Les quatre méthodistes ne recouvraient leur noblesse qu'aux heures consacrées à l'étude et à la méditation; seuls avec leur idéal, ils reprenaient leur poursuite ininterrompue de la Vérité, « lisant la Bible et la comparant avec les écrits des anciens âges ». Plus anxieusement que les autres, John Wesley cherchait la signification perdue des rites qu'il conférait. L'Eucharistie surtout occupait ses pensées. Il semblait s'éloigner chaque jour davantage des doctrines protestantes. Toutefois, comme s'il obéissait à un réflexe de haine héréditaire, il distribuait aux passagers des tracts contre le Papisme. Tâche superflue. Les colonisateurs avaient adressé aux opprimés d'Europe des appels aveuglément généreux : mais ils auraient accueilli tous les scélérats de l'univers plutôt que de recevoir les catholiques romains, ces traîtres par définition, qui certainement comploteraient avec les Espagnols de la Floride la ruine du territoire anglais. Lorsque John Wesley avait fini de déployer son zèle contre un ennemi lointain, il rassemblait sur le pont ceux qui voulaient bien l'écouter pour leur lire l'édifiante histoire de Grégoire Lopez. Ermite et missionnaire espagnol, évangélisateur des Indiens au seizième siècle, Grégoire Lopez était un religieux qui appartenait à l'Église romaine. John Wesley ne mettait pas ce détail particulièrement en valeur : au besoin, il modifiait quelques phrases pour le dissimuler. Dans sa quête de sainteté - le drame profond de sa vie commencé sous les ogives d'Oxford et resté sans dénouement - il avait découvert, après le Français Gaston de Renty, l'Espagnol Grégoire Lopez.
Mortifié, l'esprit tendu, Wesley priait sans joie et lorsque la tempête secouait le navire inconfortable et sa cargaison disparate, il se surprenait à chérir cette vie de la chair et du sang qu'il avait offerte pour le salut des sauvages. « Si cette vie périssable était la seule vie - lui murmurait une voix perfide qu'il reconnaissait pour celle de sa tentation - si tu te sacrifiais pour un rêve? »
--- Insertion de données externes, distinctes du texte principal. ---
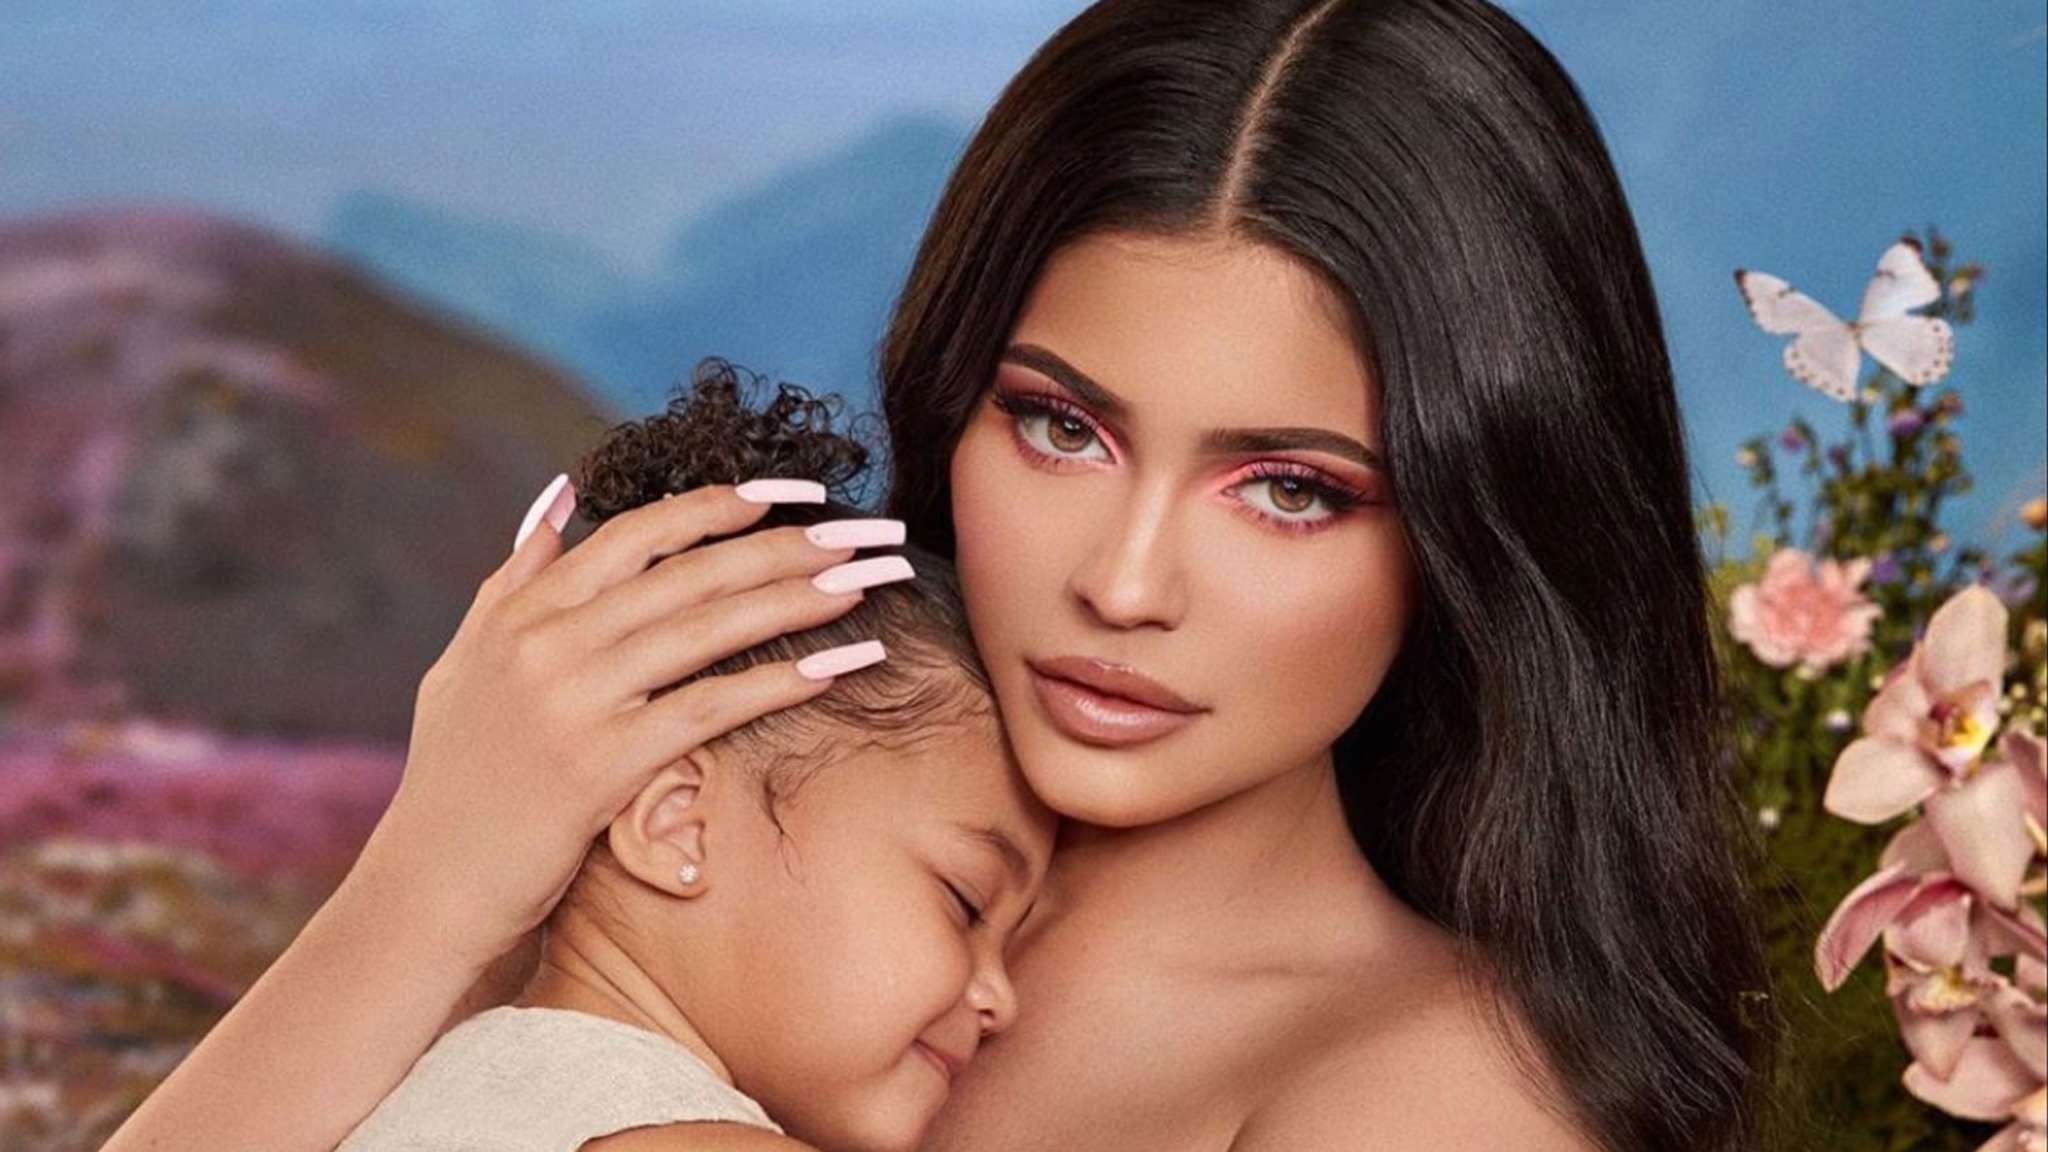 Kylie Jenner Posts Emotional Message And Gorgeous Photos For Her Daughter, Stormi Webster's Birthday

La traversée touchait à sa fin lorsque des orages éclatèrent, plus violents les uns que les autres. Un jour le ciel s'assombrit de telle sorte que les matelots purent à peine distinguer les cordages; un coup de vent déchira la grand'voile, les vagues balayèrent le pont. C'est alors qu'un hymne s'éleva : Wesley reconnaissait les fortes sonorités de la langue allemande. Mais il n'entendait point les paroles, seuls lui parvenaient ces mots souvent répétés : « La Puissance de Dieu!_ Puissance de Dieu! » À la lueur des éclairs, les Frères Moraves apparurent à John Wesley massés autour de leur chef, un ancien charpentier, David Nitschmann. Depuis le début du voyage, Wesley observait ces hommes accoutrés de façon bizarre, dont la belle humeur semblait inaltérable, l'abnégation sans limites. Ils s'instituaient les infirmiers des passagers malades et répondaient aux avanies et aux injures par un sourire très doux. « Puissance de Dieu!...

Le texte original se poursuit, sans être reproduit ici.